Wrongful Death Statute of Limitations

wrongful death Although explaining the statute of limitations in a wrongful death case should be straightforward, nothing could be farther from the truth. Every state has unique laws concerning wrongful death claims, and every state may have specific variations when it comes to product liability cases or medical malpractice claims.

Additionally, a completely different set of standards comes into play in cases involving minors, mentally challenged individuals, or fraudulent acts. Failure to understand exactly when the clock starts and stops in each case is a critical mistake.

Due to the state-specific wrongful death laws, few generalizations apply to this narrow yet complex area of personal injury law. Although a few states restrict the time frame for filing a wrongful death claim to a single year from the time of death, two to three years is generally the norm. Wrongful death and personal injury claims have both similarities and unique differences.

In all cases, a statute of limitations applies in the state where the death occurred.

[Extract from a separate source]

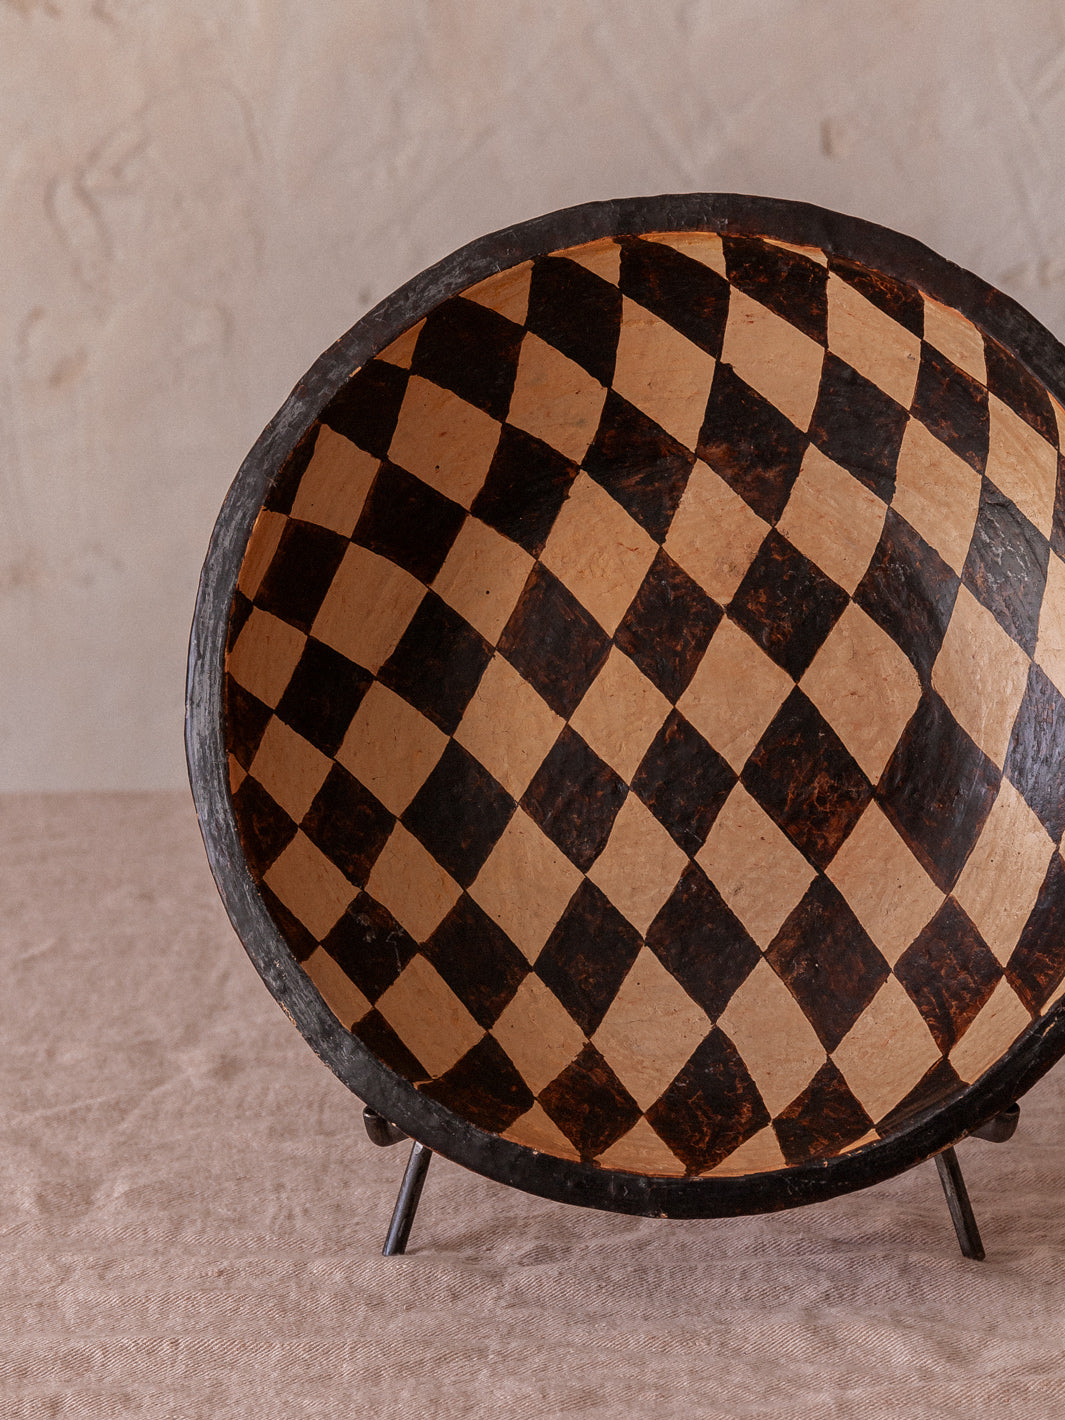 Checkerboard ceramic plate

Qualified survivors can file claims against those whose negligence caused a death due to:

  • Medical malpractice, medical negligence, anesthesia complications.
  • Defective devices, machines, or products.
  • Unreasonably dangerous products.
  • Bicycle, pedestrian, or motorcycle accidents.
  • Birth injuries.
  • Motor vehicle accidents, train wrecks, airplane crashes.
  • Workplace injuries.
  • Construction site accidents.
  • Nursing home abuse and neglect cases.
  • Prescription drug errors.
  • Premises liability cases such as slip and fall accidents.

Due to the many potential causes of death from a personal injury, preparing a wrongful death claim, in any state, is both time-consuming and complicated. A wrongful death lawyer is a valuable resource for families hurt by the life-changing effects of someone else’s negligence.

The Reasoning Behind Statutes Of Limitations In Wrongful Death Claims

These statutes exist because:

  • Statutes of limitations ensure legal action takes place quickly.
  • A statute of limitations helps balance the scales of justice between a plaintiff and a defendant.
  • Credible evidence, in every legal claim, is paramount. As time passes, critical evidence may disappear, or is no longer available. Potential witnesses are only as valuable as their memory—which can fade over time.
  • In civil matters, the SOL protects potential defendants from legal action for incidents occurring many years in the past.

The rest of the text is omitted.